In my opinion the ET decision is flawed and I have assisted Mr Clifford in filing an appeal. The basis of Mr Clifford’s appeal is that EJ Housego erred in law in finding that the disability claims were validly waived by the 2013 agreement, in that it failed to follow the binding authority of Bathgate v Technip UK Limited. This case held that only claims that exist at the time of the compromise agreement are capable of being validly waived. The case is clear authority that the words “particular complaint” do not describe a potential future complaint.   The EJ seemingly preferred the decision of Arvunescu v Quick Release (Automotive) Ltd. In my view this is erroneous. In Arvunescu the ET had erred when it decided that claims that did not exist at the time of a compromise agreement could be waived. In any case the decision is an authority on the proper construction of a COT3 agreement, not, as in this case, a compromise agreement. 

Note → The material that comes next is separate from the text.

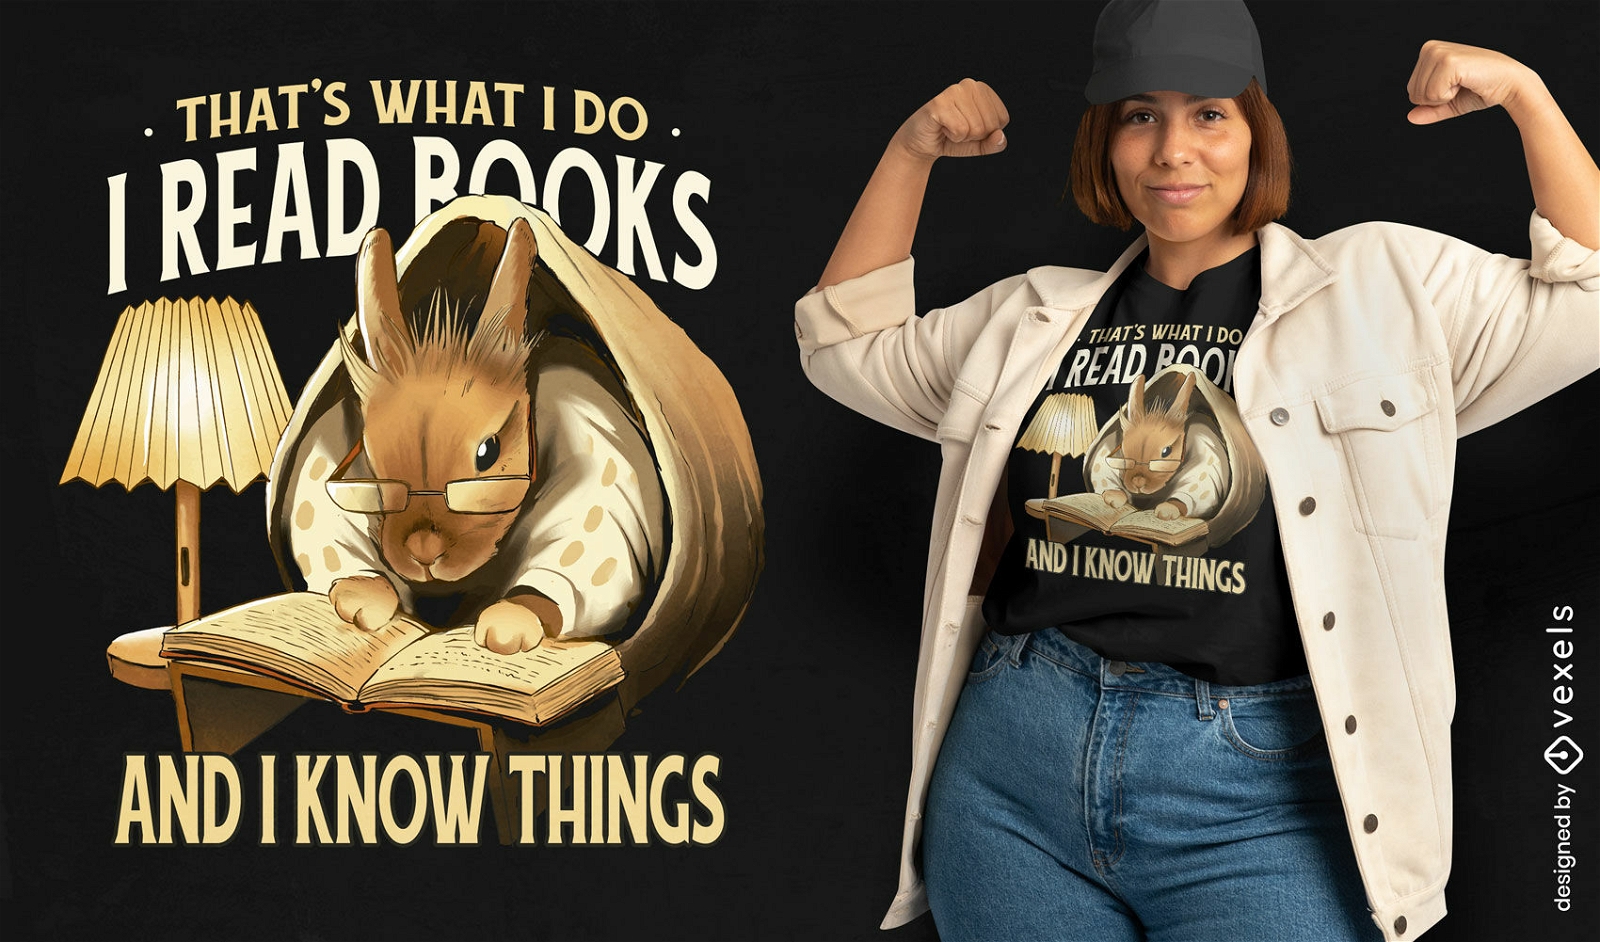 Dise?o de camiseta de libro de lectura de conejo.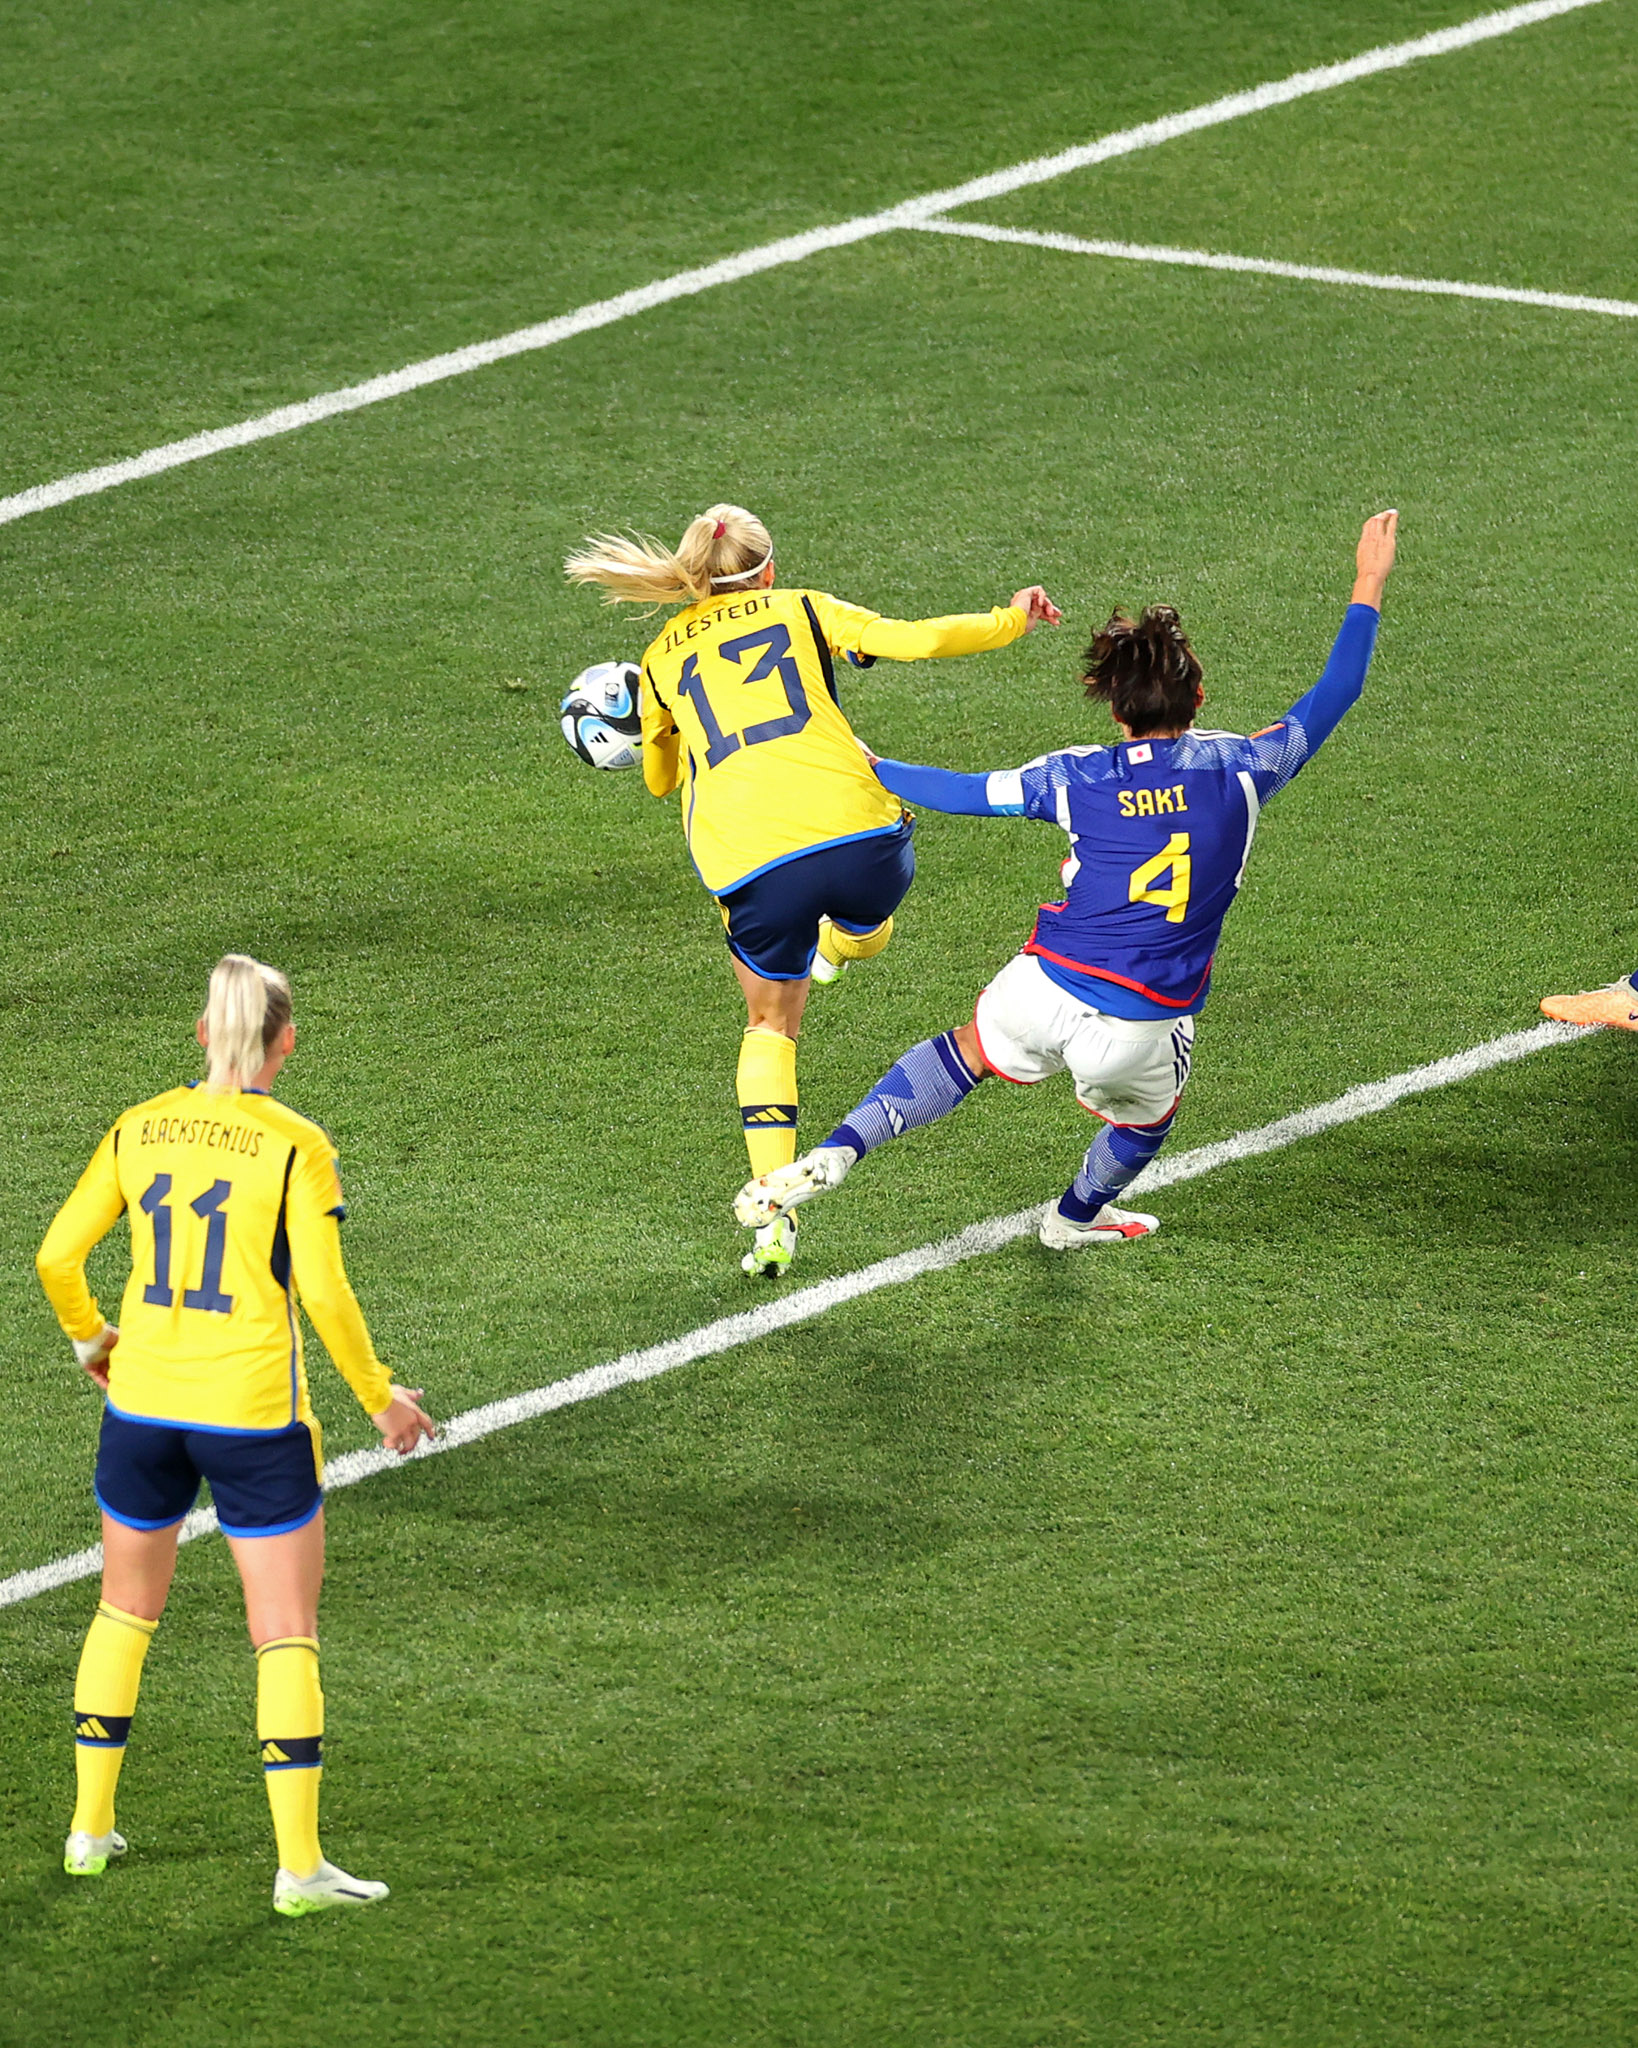 Tuyển nữ Thụy Điển vượt lên dẫn trước trong hiệp 1. Ảnh: FIFA

Mr Clifford argues that the ET erred in striking out the discrimination claim when the Respondent had not made a strike-out application and the Claimant had not been given an opportunity to present arguments to the ET. It made an error in reaching a decision on a point which had not been argued and which was not on the list of issues in the case.  When considering that the discrimination claim had no prospects of success, the ET had not considered all the discrimination claims that had been brought; it looked only at the direct discrimination claim. 

The EAT appeal has been acknowledged by the court. We await hearing whether the EAT will consider the appeal and continue to believe that the appeal has good prospects of success.  Watch this space!